Derivation of kinetic energy operator QM

Question

In griffiths introduction to quantum mechanics, he starts off by writing

$$\langle x\rangle = \int x|\psi(x,t)|^2 dx$$ $$\langle x \rangle = \int \psi^* [x] \psi(x,t) dx$$

He then says that the operator $\hat x = x$ , 'represents position' sandwiching the operator between the complex conjugate and the wave function yields the expectation value of position.

He then postulates that:

$$\langle p \rangle = m\frac{d\langle x\rangle}{dt}$$

$$m\frac{d\langle x\rangle}{dt} = m\frac{d}{dt}\int x|\psi(x,t)|^2 dx$$

He then shows that given schrodingers equation is true that we can express this quantity as

$$\langle p \rangle= \int \psi^* [-i\hbar\frac{\partial}{\partial x}]\psi$$

Where the operator $\hat p =-i\hbar\frac{\partial}{\partial x}$ 'represents momentum' sandwiching the operator between the complex conjugate and the wave function yields the expectation value of momentum.

I am all fine upto this point.
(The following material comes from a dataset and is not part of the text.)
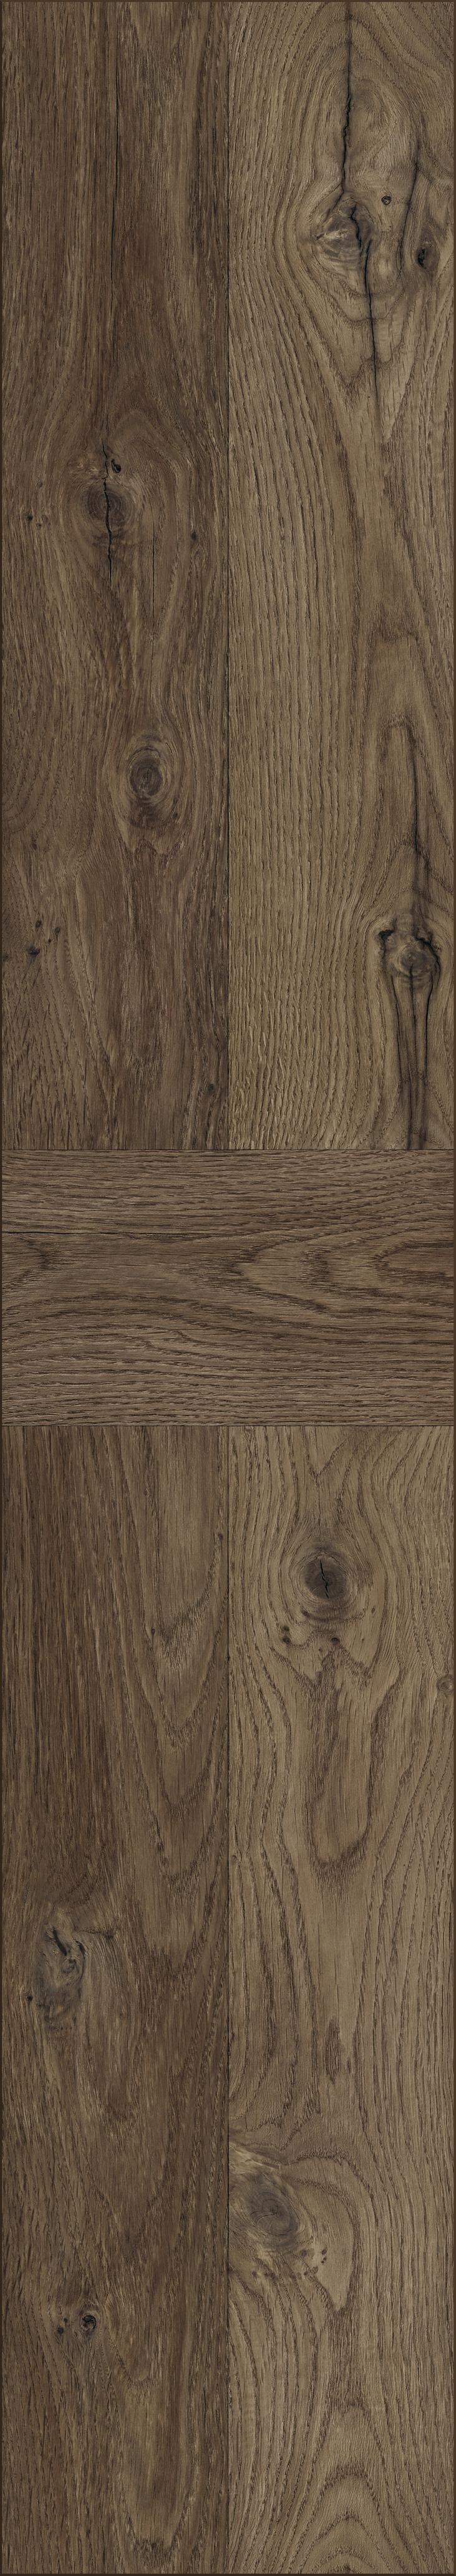 kronotex exquisit plus laminat palast eiche dunkel d. Black Bedroom Furniture Sets. Home Design Ideas

However how would this logic continue on to deriving the expectation value for the kinetic energy?

I would intuitively say that $$\langle Ke \rangle = \frac{\langle p\rangle^2}{2m}$$ However I know that from probability theory the expectation value of the square and the square of the expectation value are not the same, And hence would expect $$\langle Ke\rangle = \frac{\langle p^2\rangle}{2m}$$

I know the standard derivation is to apply the momentum operator twice, however is there a proof that applying the operator twice, and finding the expectation value, is the actual expectation value of the quantity p^2?

I recall something I have read about constructing a momentum^2 probability density and then doing a fourier transform, however I am not that familiar with fourier transforms.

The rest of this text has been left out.